The regulation of PAs varies from province to province and continues to evolve. For example, in Manitoba and New Brunswick, PAs are regulated by the provincial medical regulatory authorities (Colleges). In Alberta, the College has a voluntary register of non-regulated physician assistants. In Ontario, the Health Professions Regulatory Advisory Council has recommended that PAs should remain unregulated, but that a compulsory registry be established under the governance and oversight of the Ontario College.5

Unlike in other provinces, there are regulations in Manitoba and New Brunswick that set out minimum educational and training requirements for PAs.6 The Colleges in those provinces have also established specific requirements with respect to supervision and other conditions on the practice of PAs.

Know the risks

Regardless of what provincial structure or system they work under, PAs are not independent healthcare providers. The medical services provided by PAs must be delegated by a licensed physician who then supervises their work.7 It is this responsibility of delegation and supervision of PAs by supervising physicians that exposes doctors to the risk of liability if the PA provides negligent care.

From a legal perspective, the courts expect supervising physicians to appropriately delegate and supervise a PA. In the event of litigation, supervising physicians will be evaluated on whether they met the standard of care when delegating and supervising tasks. The courts usually consider the degree of care and skill that might reasonably have been applied by a supervising physician in similar circumstances. Doctors who delegate tasks that are beyond an individual PA’s training and experience or do not properly supervise the PA may be criticized.

In addition, physicians who are employers of a PA should also be alert to the potential risk of vicarious liability. The principle of vicarious liability holds that as employers, physicians may be liable for the negligence of their employees when they are acting within the scope of their employment. Employees in these circumstances should also carry their own liability protection.

Managing the risks

None of these risks, however, should stop physicians from working collaboratively with PAs. Delegating certain medical acts to PAs allows physicians to tend to other duties and extend their services to patients. Their collaborative working relationship is most effective when supervising physicians take steps to manage the risks that can accompany the delegation of work and supervision of another health provider.

When deciding which medical acts to delegate and how much supervision is appropriate, supervising physicians should first assess a PA’s competencies, skills, and experience in the targeted practice setting (e.g. emergency department, anaesthesia, family medicine, etc.). It is important to recognize that PAs cannot perform tasks that are outside the scope of practice of their supervising physician.8

Assessing a PA’s capabilities can be difficult for supervising physicians, particularly when there is no regulatory authority that can be consulted. The physician must ultimately exercise good clinical judgment when determining if the PA is clinically competent to perform a particular task.

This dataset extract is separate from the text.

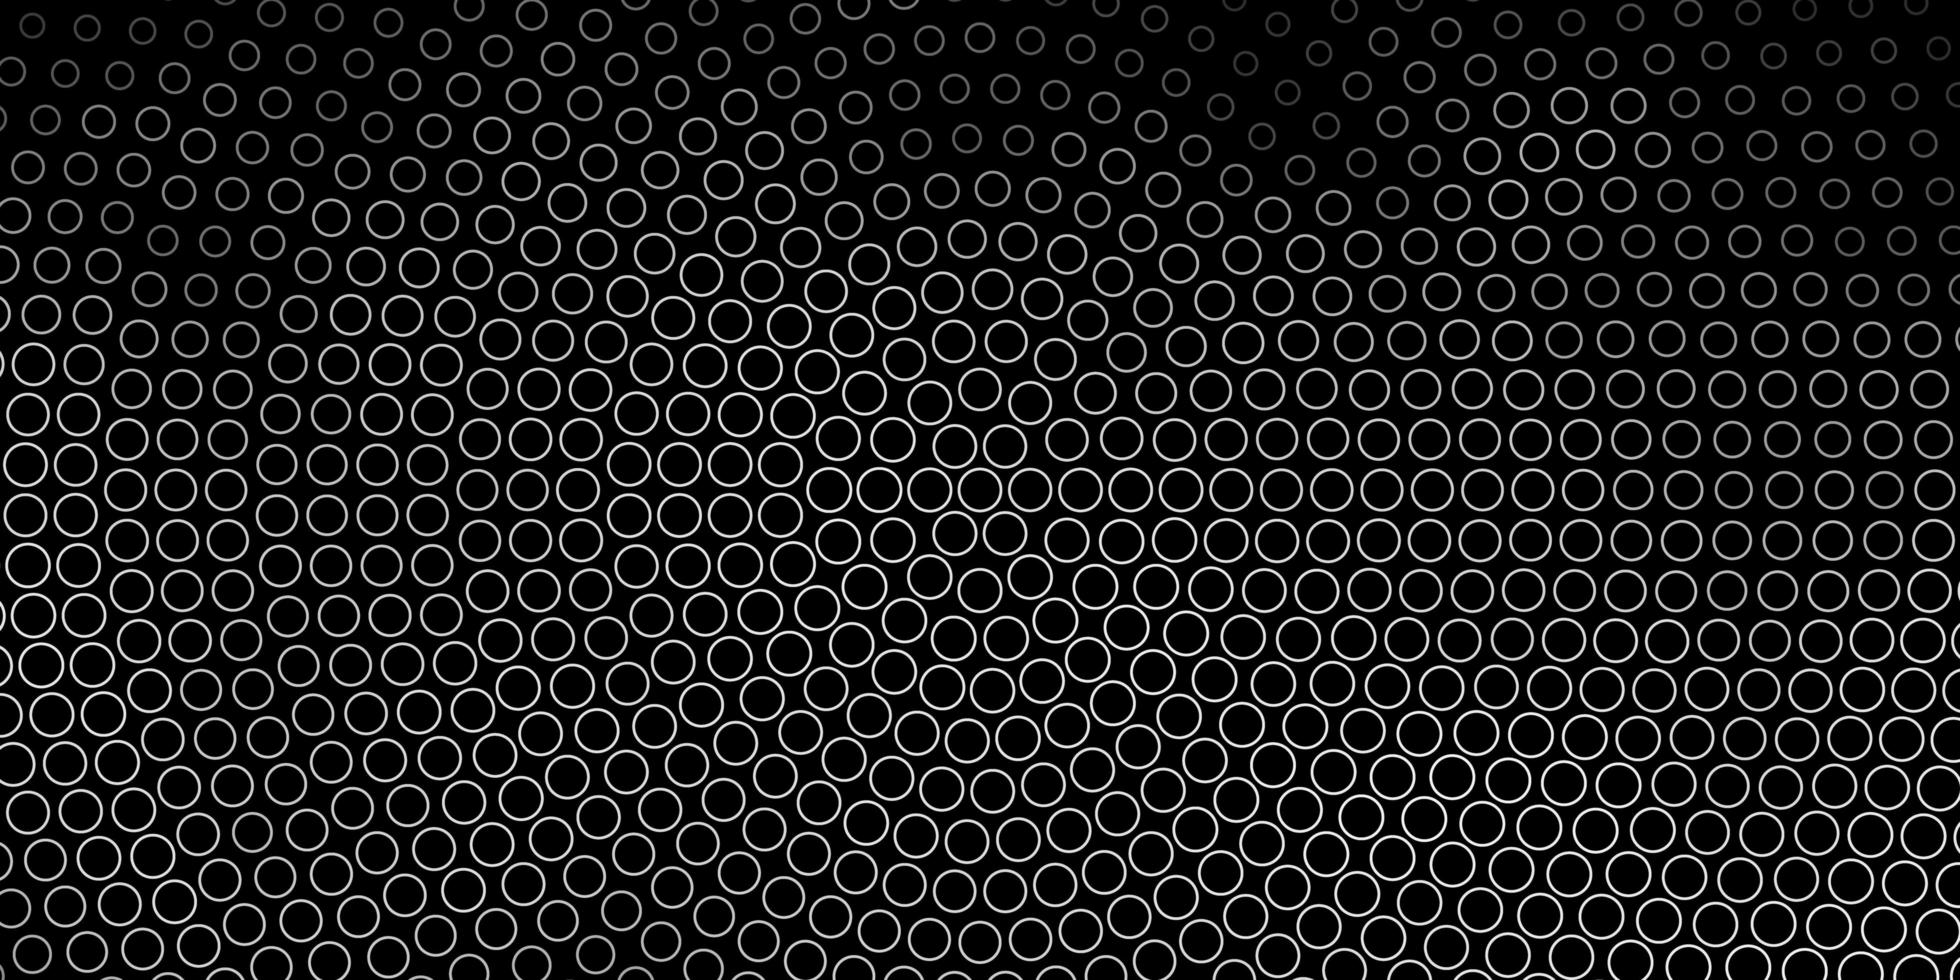 textura de vetor cinza escuro com círculos.

Physicians should also check with their College and their hospital or health authority, if appropriate, to see if these organizations have policies and guidelines on the degree to which PAs can perform certain tasks.9 This is particularly important in those provinces in which PAs are regulated.

Once supervising physicians determine what medical acts can be delegated, they must ensure that the PA performs the acts properly and safely. Physicians are responsible, for example, for giving direction, appropriately reviewing the assistant’s work and records, and ensuring the PA only performs the delegated activities. The supervising physician should also be available to the PA to give direction. The specific requirements for a supervising physician’s availability vary from jurisdiction to jurisdiction. Physicians should consult with their College for the requirements in their area.

While PAs are not independent practitioners, they can work with a “…degree of autonomy,"10 depending on the clinical task and their skills. The degree of autonomy should be agreed to by the supervising physician and the PA. 11,12 Many PAs may work under medical directives or standing orders issued by the supervising physician. Physicians must keep in mind, however, that the use of medical directives does not reduce their exposure to the risk of liability or discipline if there is any negligence on the part of the PA while carrying out the order.

CMPA protection

The CMPA supports collaborative healthcare, including between physicians and physician assistants, but it also recognizes that for collaborative care to be effective, all the health professionals practising within a healthcare team must have adequate liability protection.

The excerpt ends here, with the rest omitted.